● **Given material**:
·····

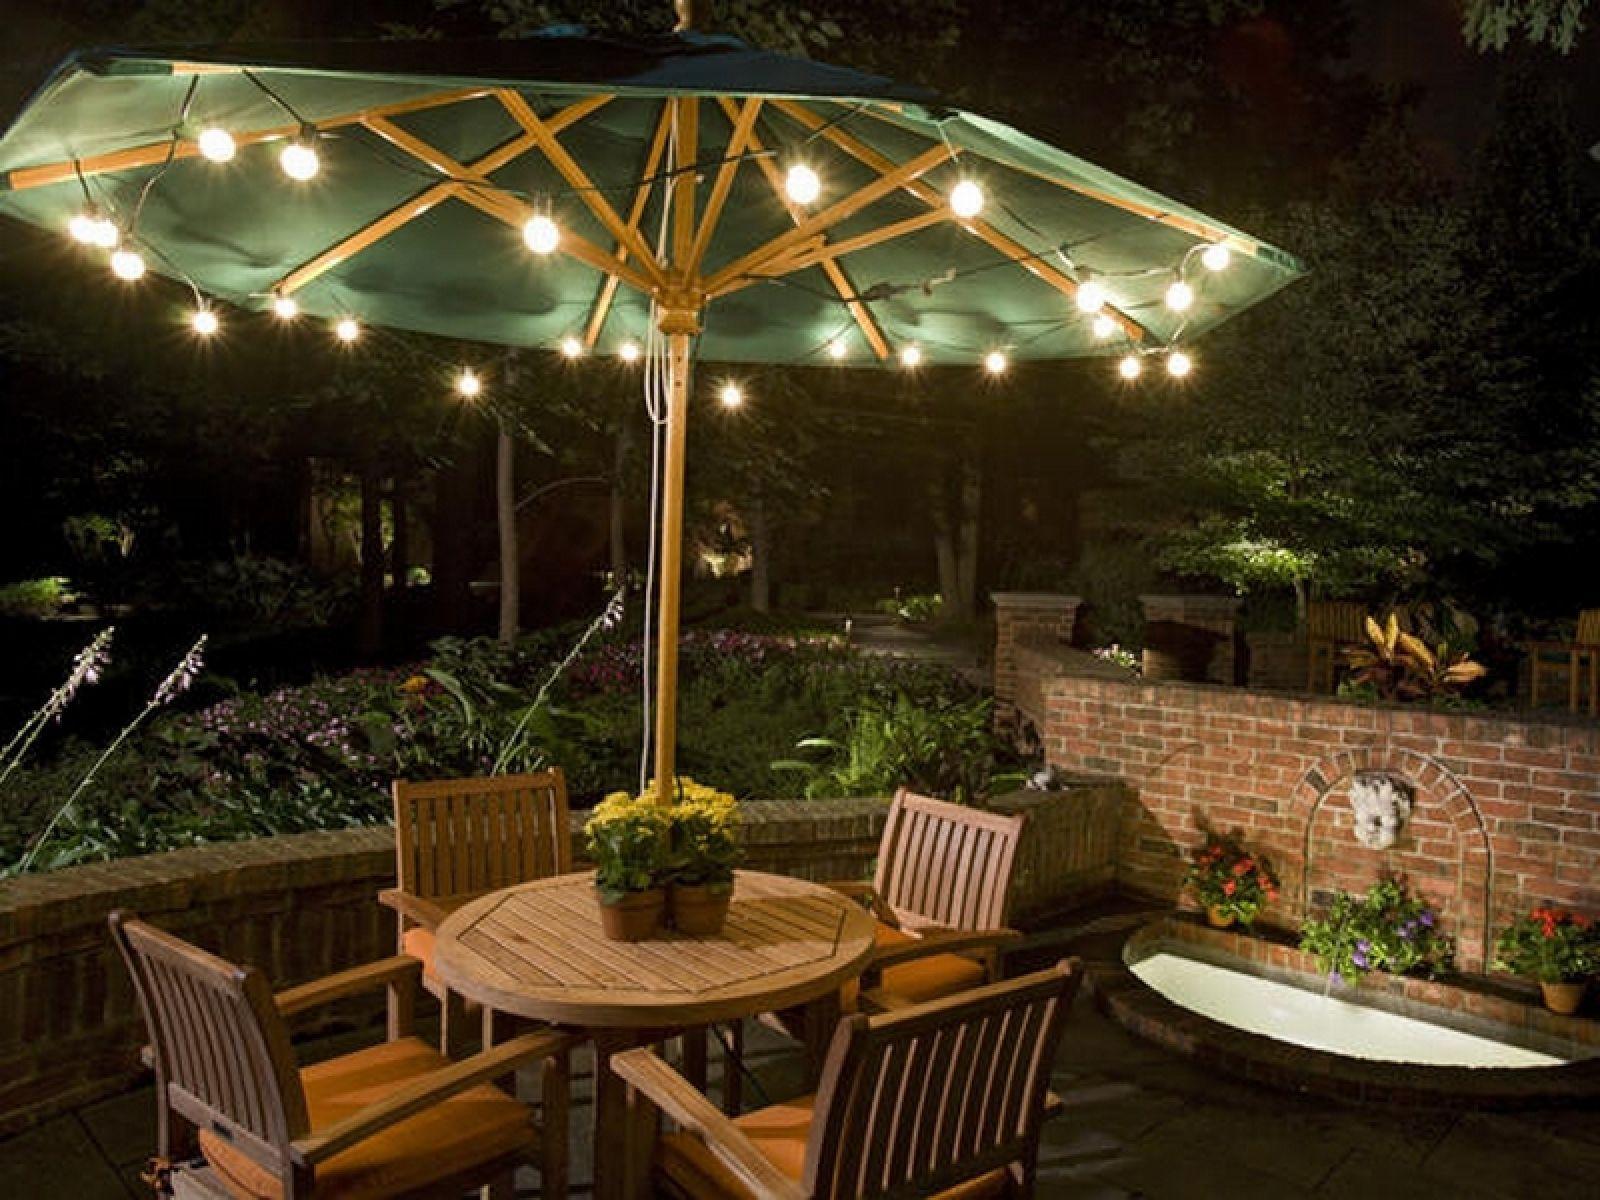 Diff Idea To Use The Underside Of The Patio Umbrella Outdoor Patio Lights Outdoor Landscape Lighting Outdoor Lighting Design
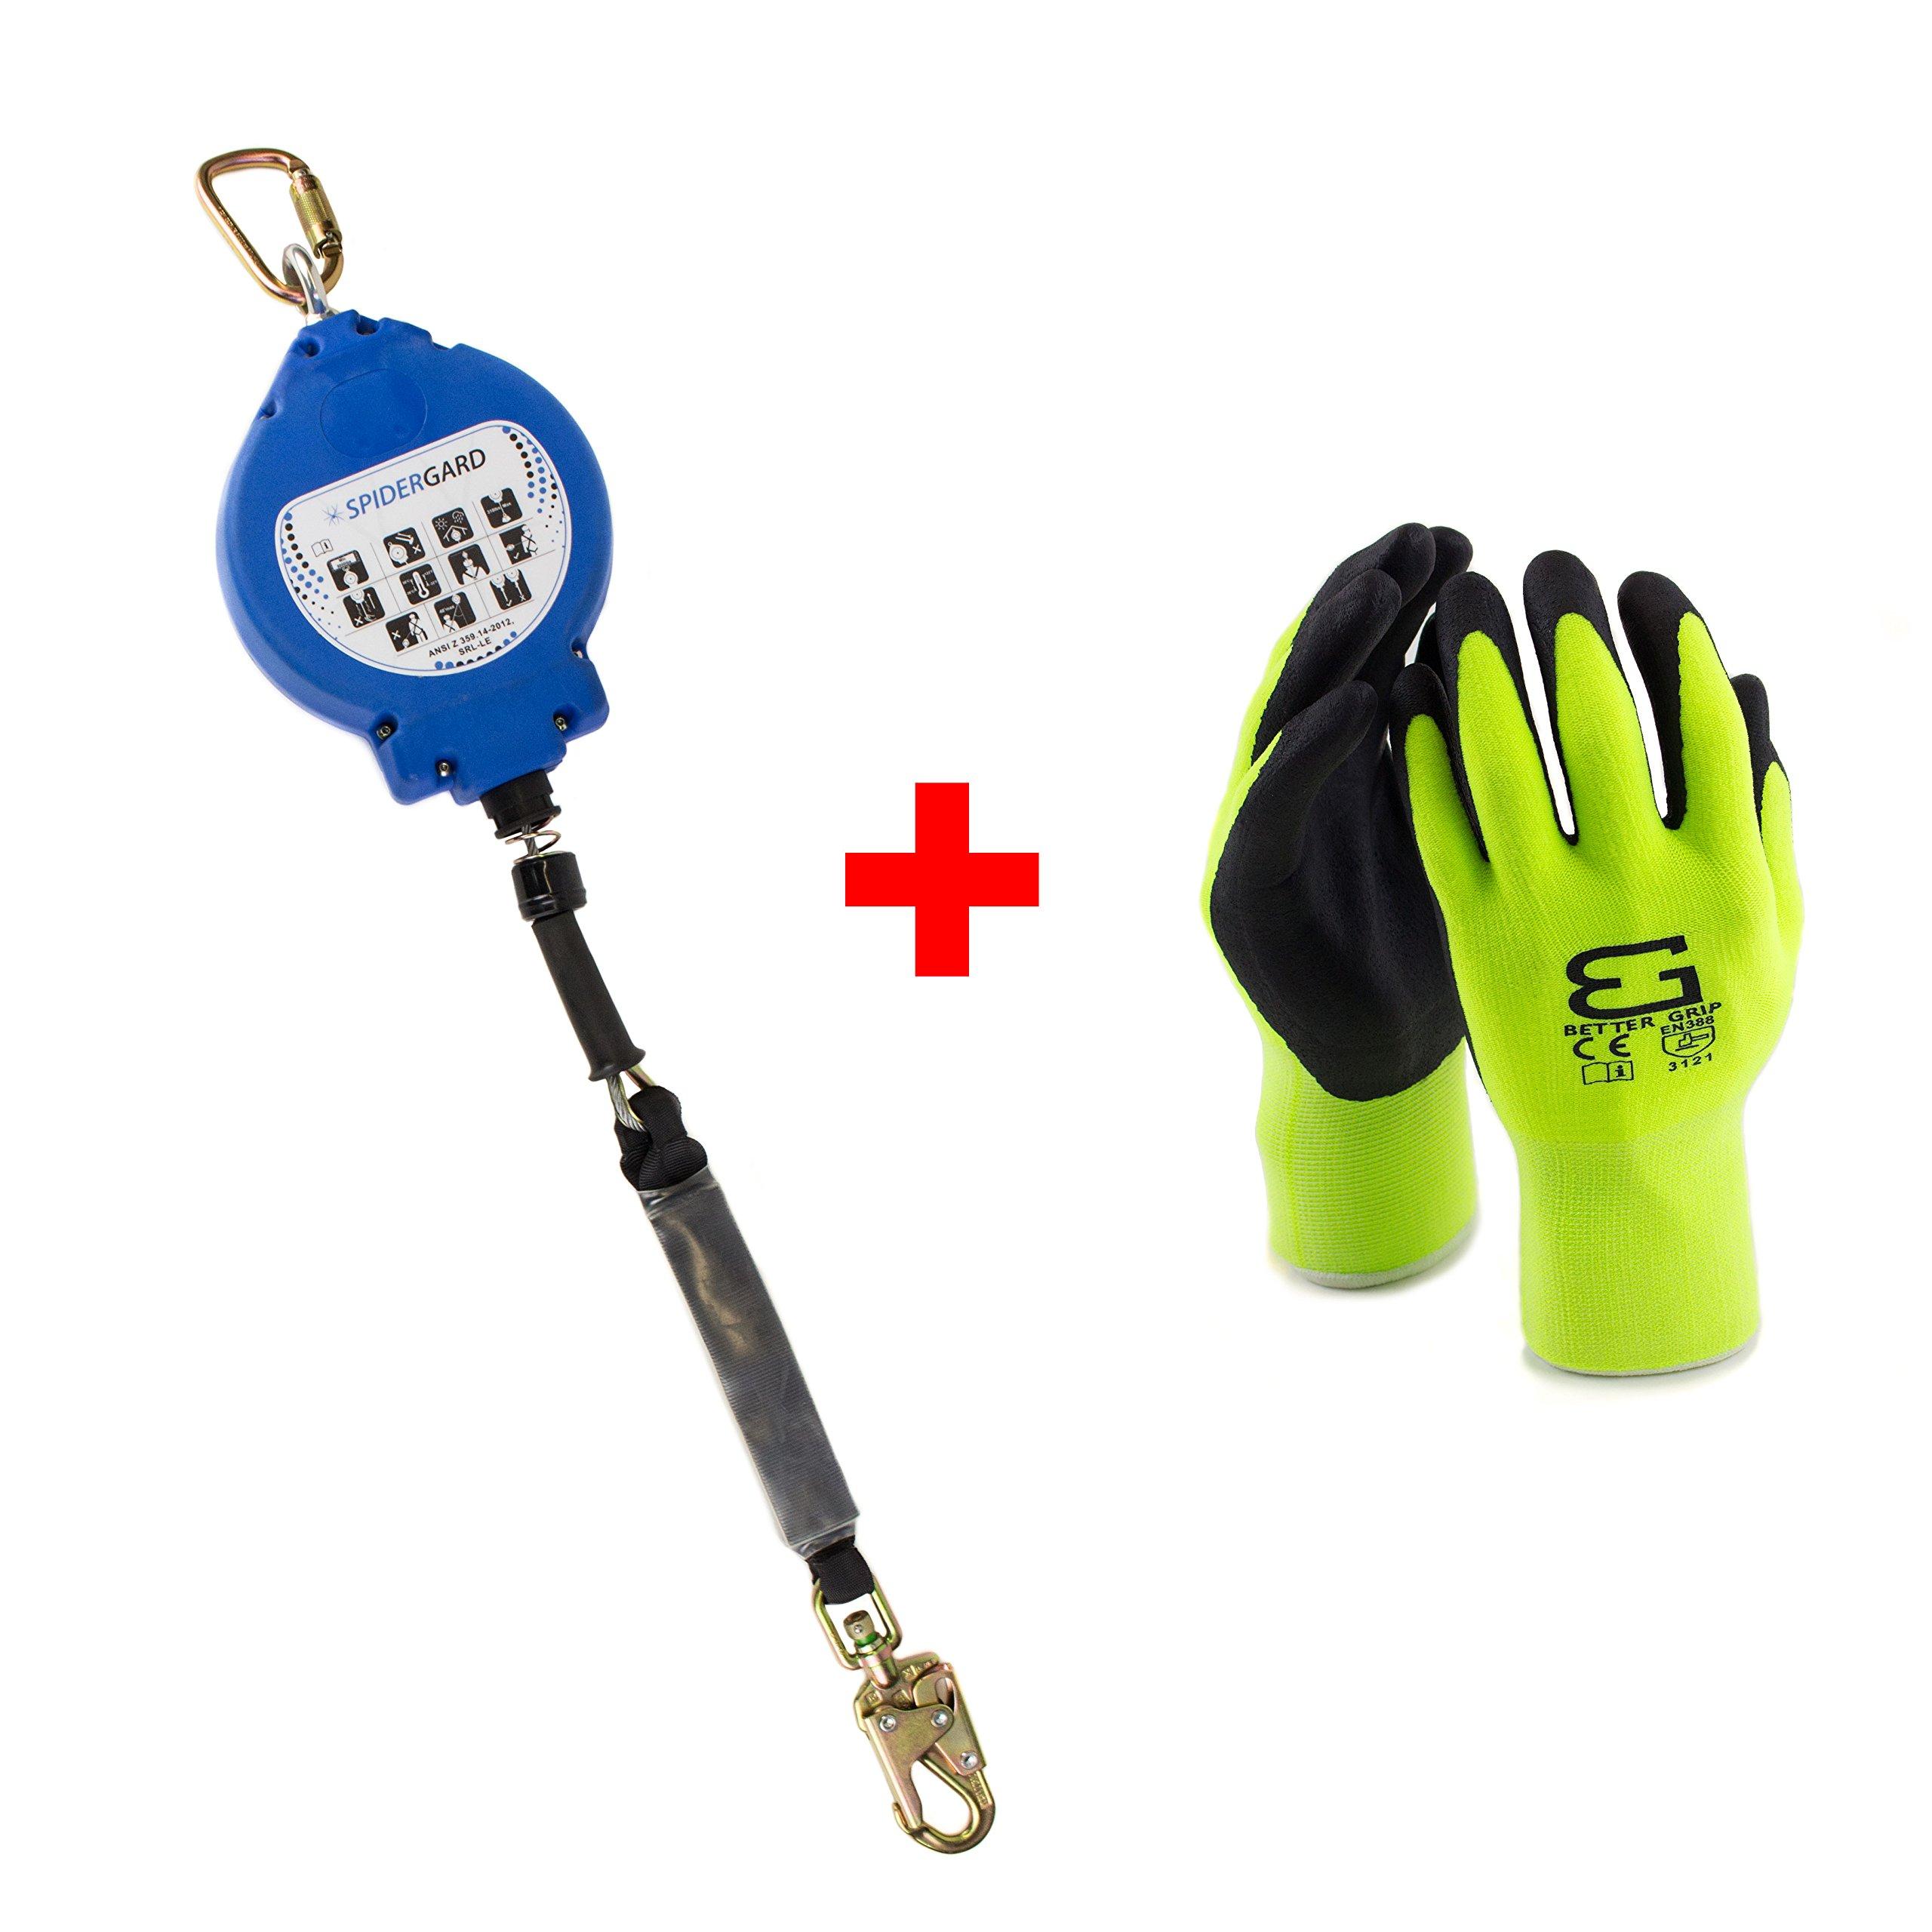 Spidergard SPL-RR50 50 Foot Wire Rope Self-Retracting Lifeline with Swivel Hook and Carabiner w/ Micro Foam Work Glove by Spidergard (Image #1)
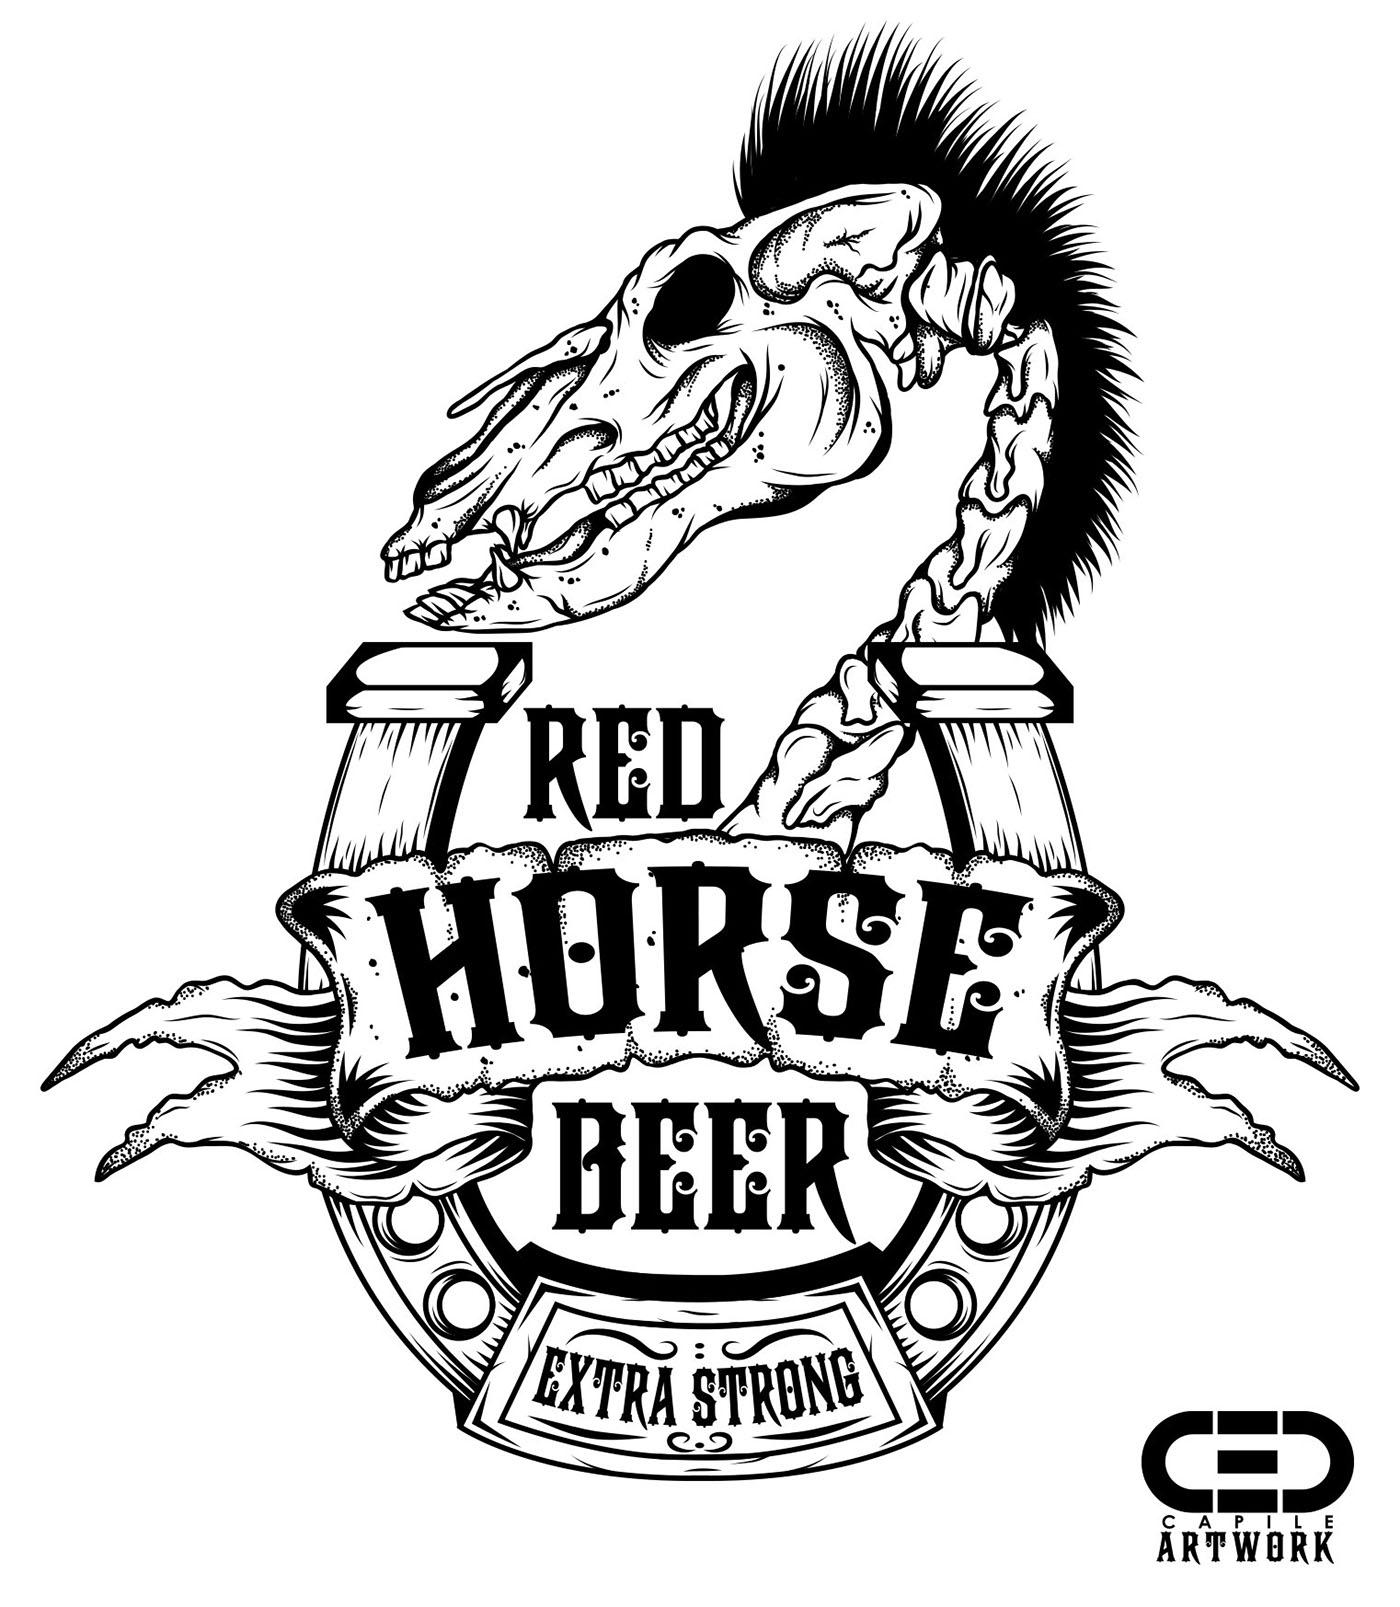 Red Horse Beer Fanart On Behance

·····

● **What this task involves**:
Working from the line containing "Spidergard SPL-RR50 50" to the last line of the data, retype every line exactly, both ends included, and leave out all pictures.

● **Task answer**:
 Spidergard SPL-RR50 50 Foot Wire Rope Self-Retracting Lifeline with Swivel Hook and Carabiner w/ Micro Foam Work Glove by Spidergard (Image #1)
 Red Horse Beer Fanart On Behance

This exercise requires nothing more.